Il s’avère que la relation pragmatique233 commande le choix de la ponctuation et de la typographie234 :

- si la relation est injonctive/agonale (tension fulgurante ou polémique ou détournée à visée de polémique), apparaissent une succession de contenus dans une même phrase et des virgules fréquentes au sein des phrases, mais aussi des énumérations sans accompagnement ;

- si la relation est à visée de coopération/négociation (tension argumentative ou détournée à visée d’argumentation), apparaissent alors une organisation et une structuration progressive spécifiques de la transmission des informations qui reposent globalement sur un choix de simplification faisant alterner des phrases avec ponctuation et des phrases sans ponctuation intra-phrastique. J’ai noté également le rôle de la mise en relief par le gras, convoqué pour des mots ou groupes de mots, mais aussi le choix des parenthèses qui permet d’éviter de surcharger la phrase en synthétisant le contenu visé à partir de mots clefs.

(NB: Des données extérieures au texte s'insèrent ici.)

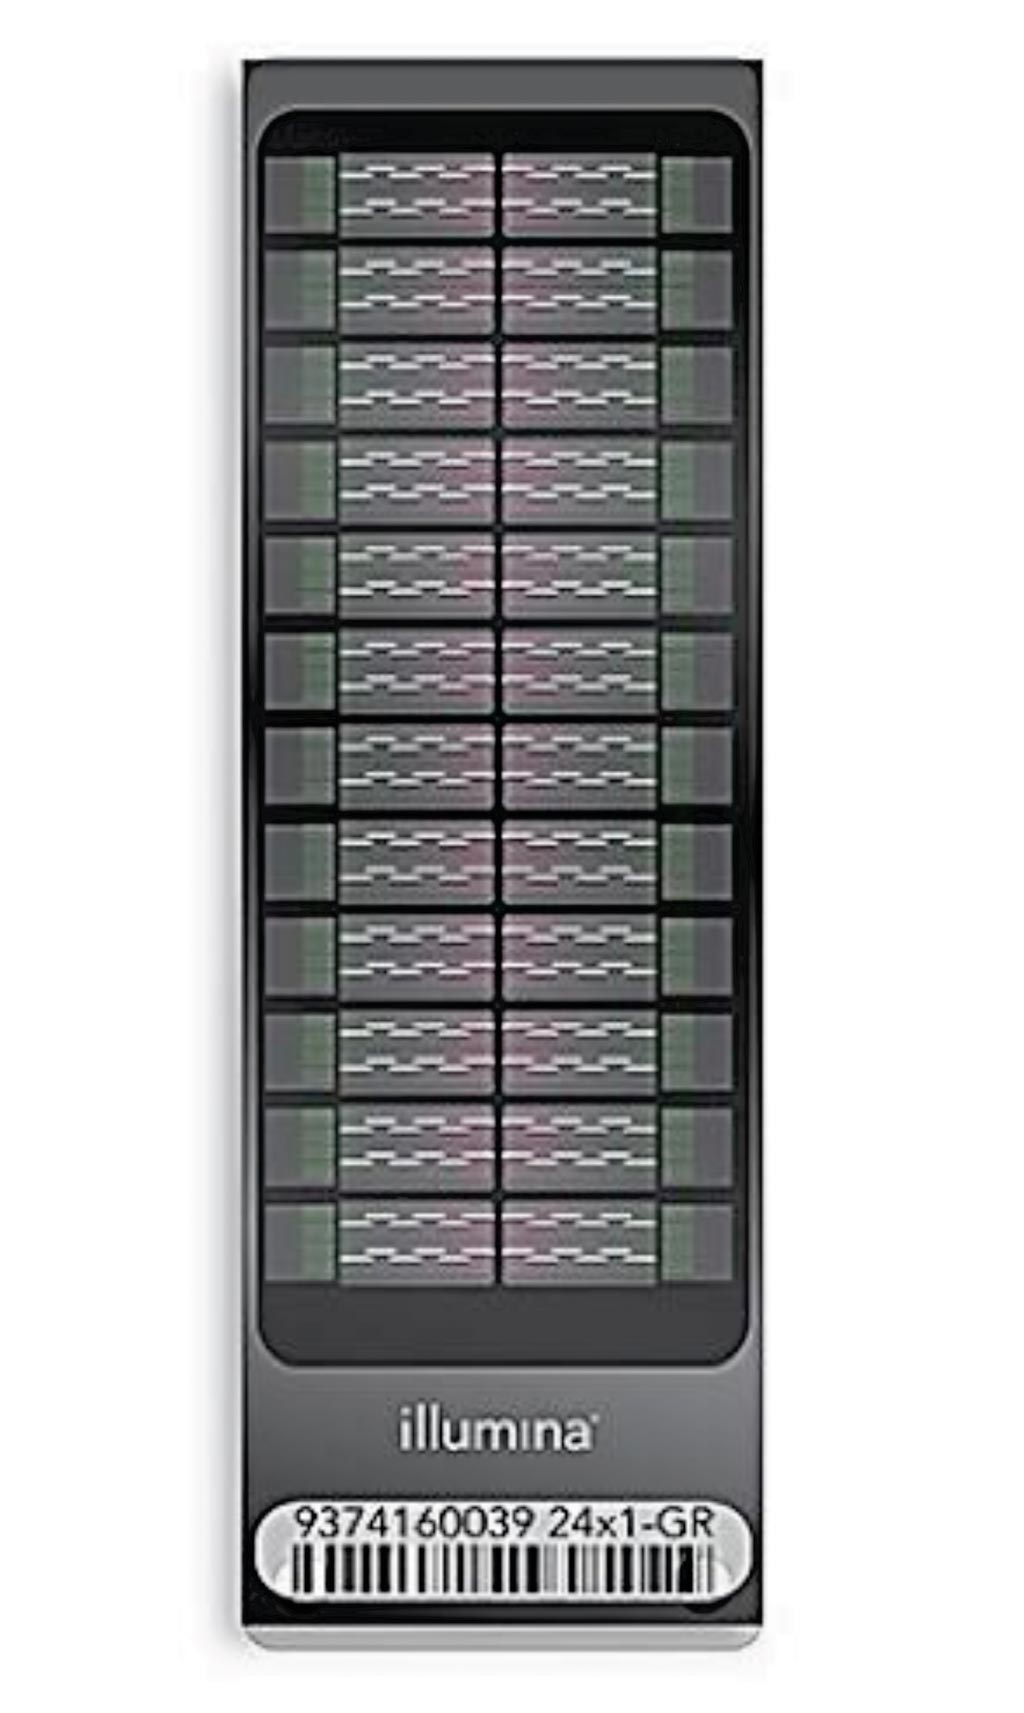 图片:Infinium OmniExpress-24 Kit是能容纳24份样本的 BeadChip阵列,具有每周数千份样本的超常通量,能实现强大的人类全基因组关联研究 (GWAS)(图片蒙Illumina公司惠赐)。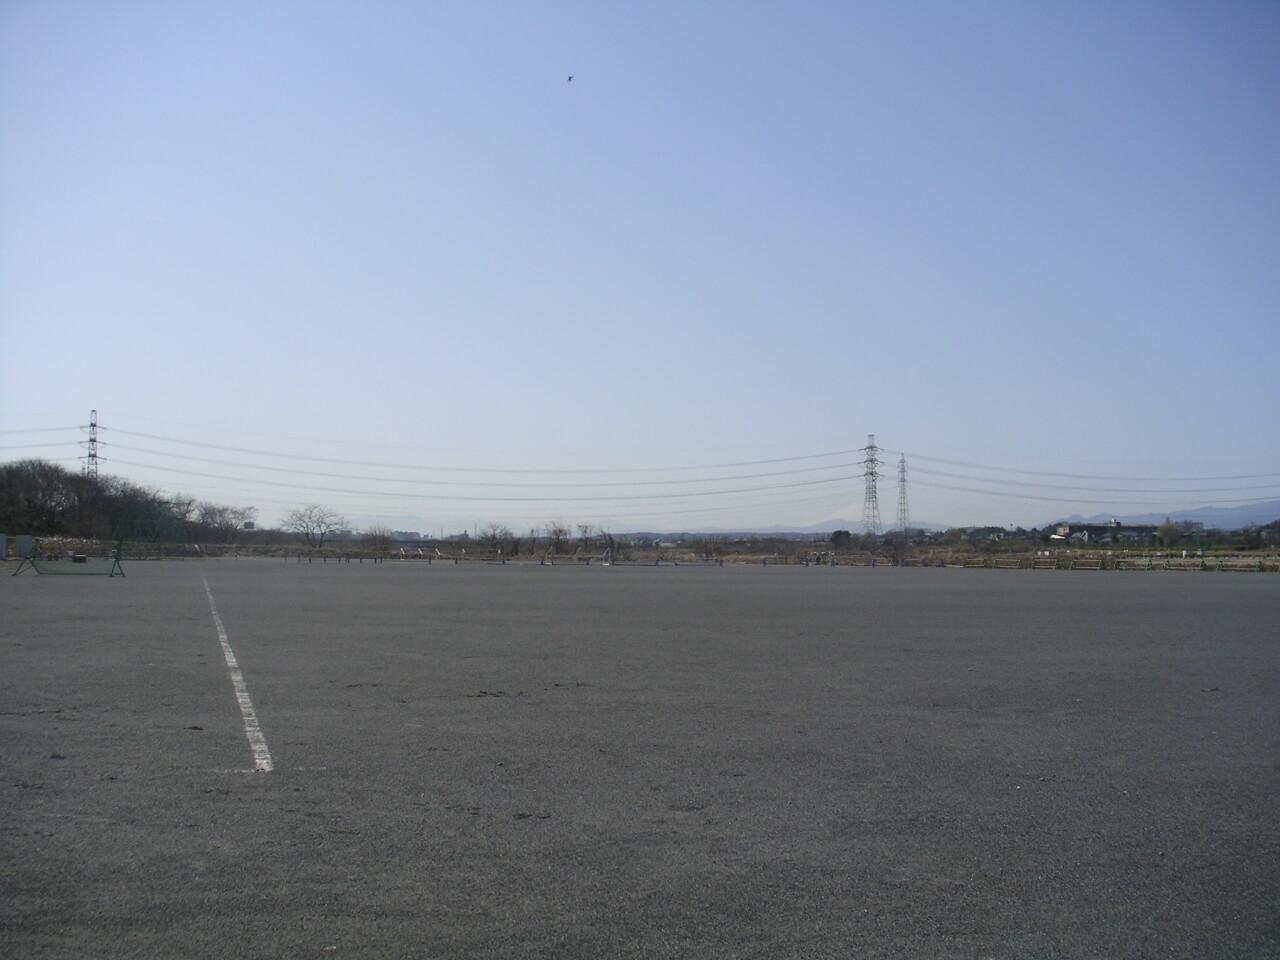 下奥富運動公園(野球場/サッカー場)

L'analyse révèle une spécificité du rédacteur professionnel. Il ajoute à une pratique certes normalisée de la ponctuation et de la typographie, une dimension pragmatique, intégrant sa représentation du lecteur et ne pouvant être séparée de la mise en scène plus globale du discours. Cette mise en scène se réalise à travers un espace où se jouent des rapports de places et de faces et une certaine négociation. La ponctuation et la typographie font partie de ces outils linguistiques, tels que la répétition ou encore les taxèmes de relation, qui contribuent à l’élaboration et à la construction d’une relation voulue spécifique par le RP. Ces rapports de places et de faces sont donc déterminés mais déterminent aussi l’inquiétude ou la quiétude de l’ordre du discours.

Pour conclure

Ces différents indicateurs ne se superposent pas en tant que tels aux indicateurs que j’ai pu observer dans le cadre des interactions pédago-didactiques en situation de tension. Parfois même, ils s’opposent comme cela est le cas pour la répétition. J’ai en effet relevé qu’elle était moins fréquente lors de la négociation que lors de la cristallisation de la tension pour l’oral. Cela alors même qu’elle est un outil spécifique pour le RP et s’articule avec le choix du champ

233 En lien avec l’intention relationnelle et, bien sûr en lien direct avec la syntaxe.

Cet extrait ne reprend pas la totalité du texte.